I have a SIP 01373 scrollsaw, and am trying to use pinless blades. The clamps look just like the Axminster ones here: http://www.axminster.co.uk/blade-clamp-for-awvfs-fretsaw

How do you go about making sure your pinless blades are lined up at the right height, in both the top and bottom clamps? Do you do it by eye, and then tension it a bit more or less, or have you modified your clamps so the blades fit in exactly right each time? If so, how?

When I try tensioning, or turn on after applying tension, the blade often pings out - how do you increase the grip on the blade in the clamps? I've tried rubbing a little fine sandpaper on the inside of the clamp, just wondering if anything else helps.

Thanks in advance!


----------



## bodgerbaz (10 Feb 2014)

My saw is pinless as standard so I may not be able to help but I'll try.

With my pinless saw I attach a blade clamp to a blade with a key then install the blade into the saw.

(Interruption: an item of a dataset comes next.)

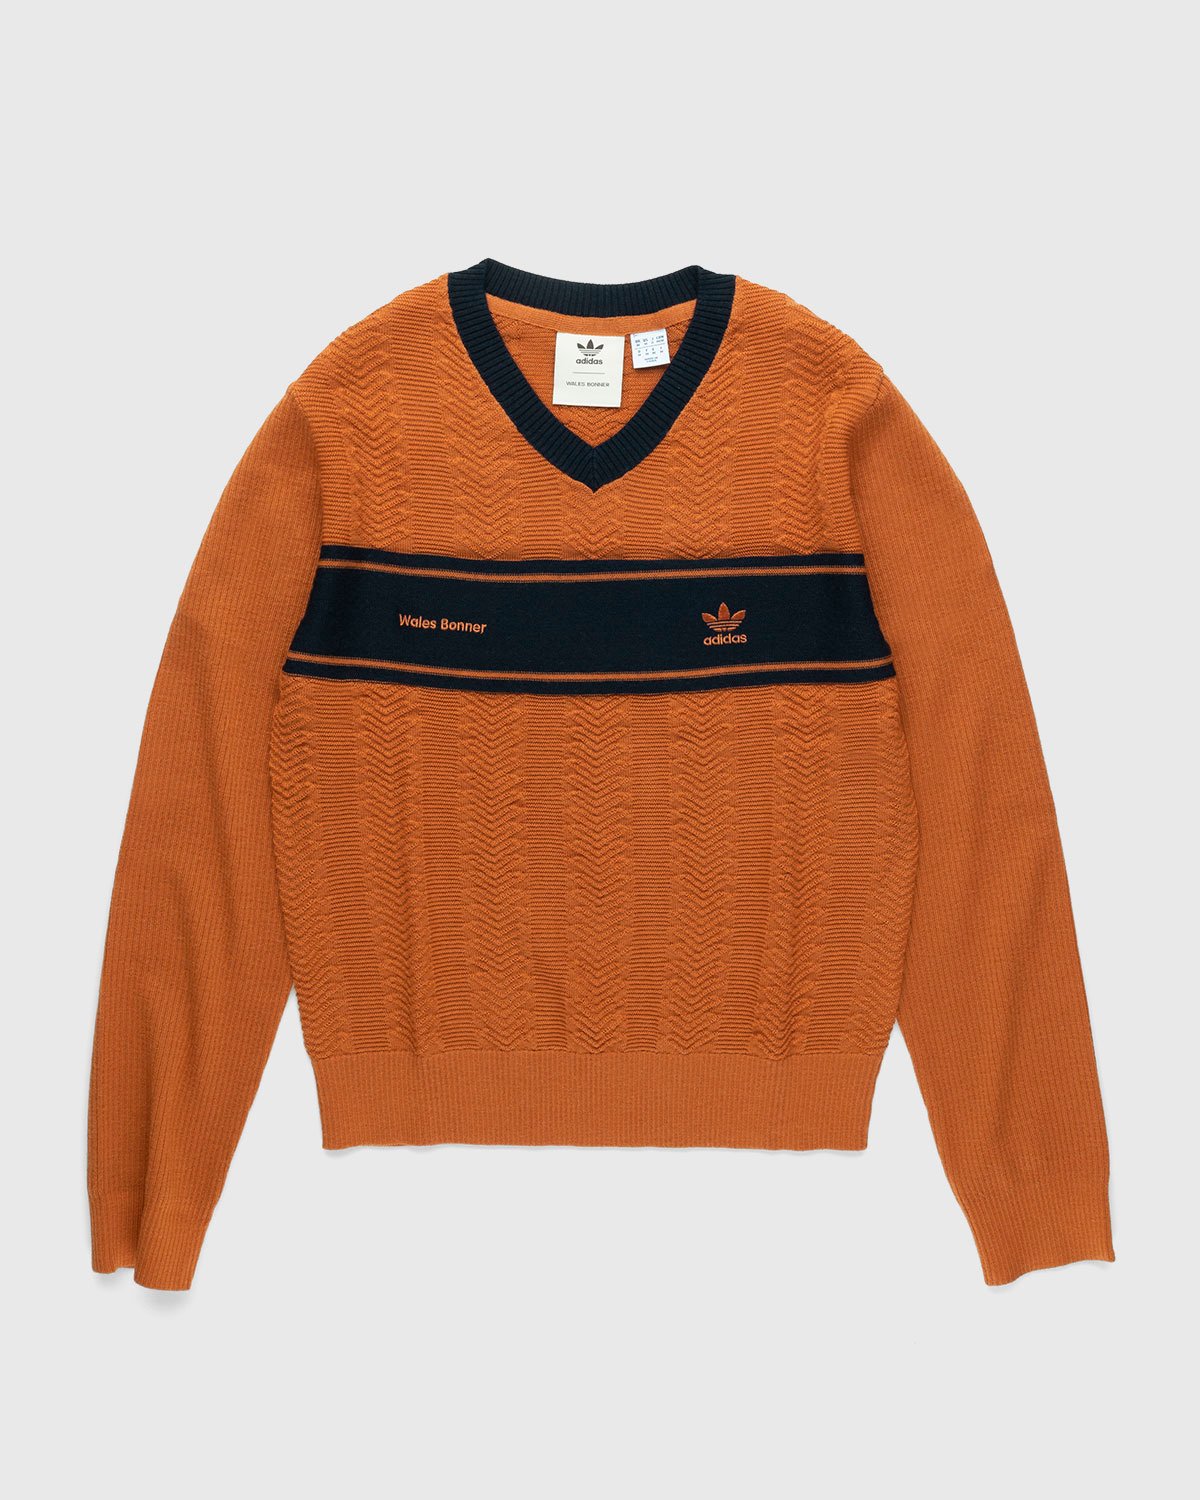 Adidas x Wales Bonner - Knit Longsleeve - Clothing - Orange - Image 1

That fixes the bottom. I then offer up the blade to the top clamp on the 'C' arm and tighten it onto the arm with the thumbscrew. I then adjust the tension until it hits the right note.

With the link you sent, it would seem that you clamp the blade at the bottom using an allen key then offer it up and tighten the top using the allen key. If its 'pinging' out you may have to tighten it up a bit more?

Sorry I can't be more helpful but its easier to envision it when its in front of you.

Barry


----------



## kdampney (10 Feb 2014)

Thanks for the reply Barry.

Generally I release the tension, clamp the blade in at the top (where I can see what I'm doing, and guesstimate where the blade would be if it were pinned). I then hold down the arm and try to clamp at the bottom, where I can barely see what's going on, then re-apply tension, however that can cause the blade to pop out.

I probably have too much tension, but the knob is a quick release one - you turn it and/or lift up/press down (and it has bent before when doing the latter). It's quite fiddly to get right!


----------



## bodgerbaz (10 Feb 2014)

I've never used a pinned bladed saw so I'm sure what procedure you follow but for pinless saws you always clamp the bottom first then do all the adjustments at the top where you can see what you're doing. Might be worth giving it a whirl?


----------



## martinka (10 Feb 2014)

When I had a saw with the same clamps, I fitted the blades by eye, and wasn't too particular as it was easy to tweak the tension at the back of the saw. Spend a couple of minutes with the sandpaper, or better still some wet and dry or decent medium to fine emery cloth, and try to get the inside of the clamp a bit smoother, there are probably kerf marks left from when the slot was cut. Some clamps seem to be better than others. Also make sure there is no oil on the blade, I'm sure some blades are oiled to stop them rusting. I think these clamps want to be a bit tighter than some other types as the blades are not allowed to move. Unfortunately it's a bit of a compromise because if you get them too tight, they snap near the clamp after a bit of use. I don't know how long you have been scrolling, but most people seem to have these problems when they start out, so stick at it, it comes good eventually.


----------



## kdampney (10 Feb 2014)

Great, thanks, I'll try those suggestions! I've not been scrolling for long (mainly due to the lack of anywhere permanent to do it!). I also plan to change the clamp screws with quick-release-type handles as soon as I can.


----------